HuntingNet.com Forums - View Single Post - The subjective nature of what is considered "hunting" vs "shooting"
Old 02-02-2007 | 02:41 PM
  #96  
atlasman
 
Joined: Feb 2003
Posts: 4,668
Likes: 0
From: NY
Default RE: The subjective nature of what is considered "hunting" vs "shooting"

ORIGINAL: davidmil

I love the challenge of finding the sign, hanging a stand or most often using my climber and seeing what happens. I have no desire to get to the point of watching deer for years and almost being able to name them all. But that's me. That's hunting to me. Sitting on a groomed food plot inside a fence and deciding..OK, you'll make the book this year I'm shooting you. Planting and planting so you can have more than the normal carrying capacity so you can watch 50 unpressuredbucks a nightin a field at once is not My kind of hunting. At this point it is shooting.
ORIGINAL: iamyourhuckleberry

For me,a "hunt"isa challenge.
For me, a "Shoot" is still a challenge.
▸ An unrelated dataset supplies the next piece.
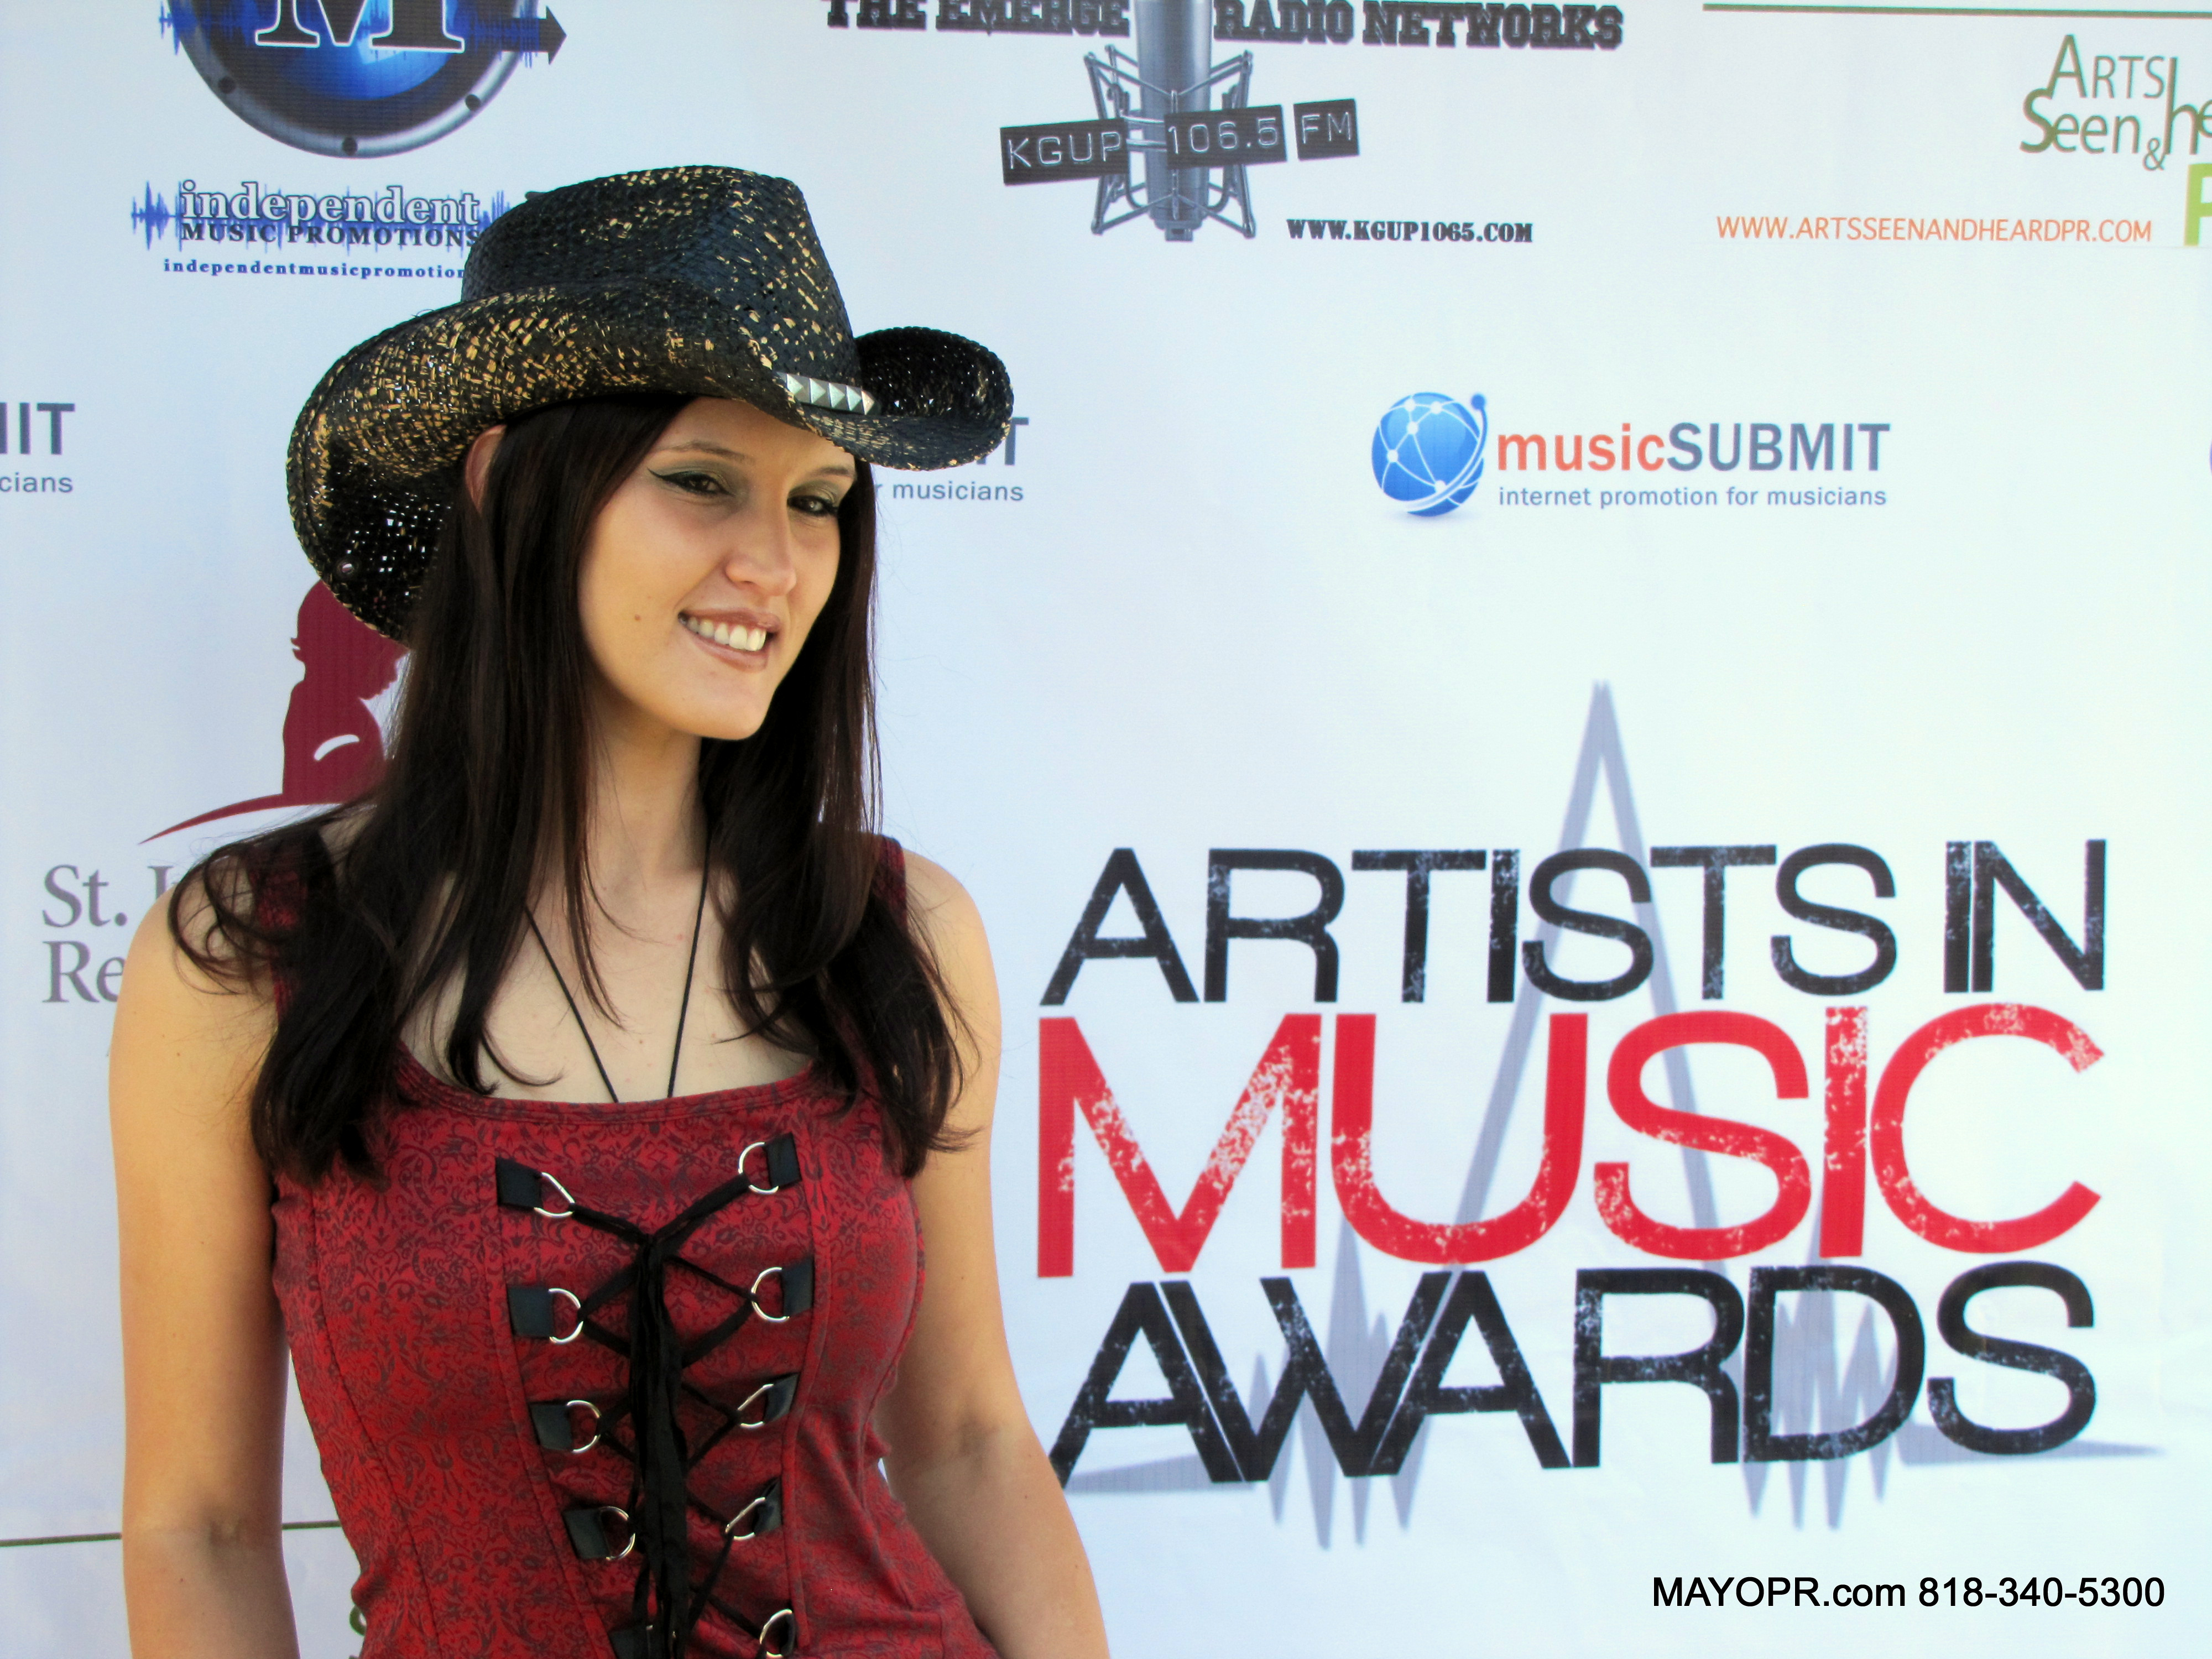 Best Country Western Singer/Songwriter and 2014 Artists In Music Awards nominee on the red carpet at a celebrity charity benefit in Hollywood, CA.

But, I expend very little energy participating...........Within a "shoot", there are usually guarantees..
ORIGINAL: tsoc

Personally for me it is tied to effort,challenge and satisfaction.
For me I would rather work my a-- off and shoot nothing than have something be to easy.I guess basically I want to earn it
ORIGINAL: laxdad

I do not find the presence/abscence of a fence on a reasonable property size (1500+) acres as being the measure of hunting. More depends on the nature of the "hunt". If one is totally on their own to search, find and shoot at a legalanimal of their choice than to me it is a hunt. I have trouble with the "managed hunts", on managed lands, where indivduals are placed in shooting positions, told what they can and cannot shoot, driven to their killlocation, etc.. To me this is simply shooting and I'd rather shoot at paper because I can do that in my backyard.

laxdad
ORIGINAL: mtfreezer

Nothing is more satisfing then working hard for your game. I do go to the Black Hills every year with my brother and dad but that really isn't true hunting to me. We just drive around looking for deer on logging and firetrails. We also walk some but anything we see is just by luck. No scouting involved.
ORIGINAL: Primitive Weapon

He was able to walk up within 20yds of the buffalo and the guide was like "hmmmm.....shoot the one on the left"

Personally, this was shooting to me. Not much different, in my opinion, than walking out into a pasture and shooting a cow with a bow.
ORIGINAL: njbuck22

I could easily go out with a gun in my area in season and kill deer every day, but i like the challenge, I personally cant understand how people will put in a 1-2 acre food plot and hunt over that, but yell at people and tell them that hunting over bait is noy hunting. In either circumstance you are adding a non native food that is changing the deers natural behavior.
As for fences, i have mixed views on them. I feel if you are in an enclosure that hampers the movement of the animal to where it cant avoid you, that isnt hunting. If you in 1000s of acres that are just habitat, that is more of a challenge than hunting some of the neighborhoods that i hunt. Damn, some of the properties that i hunt the challenge is to not shoot and wait for the biggest ones.

These posts were all made before I tried to condense. Sure seems like an awful lot of guys referring to the "challenge" as being at least partly responsible for what fits "their" opinion of "hunting" vs "shooting". No blankets in sight.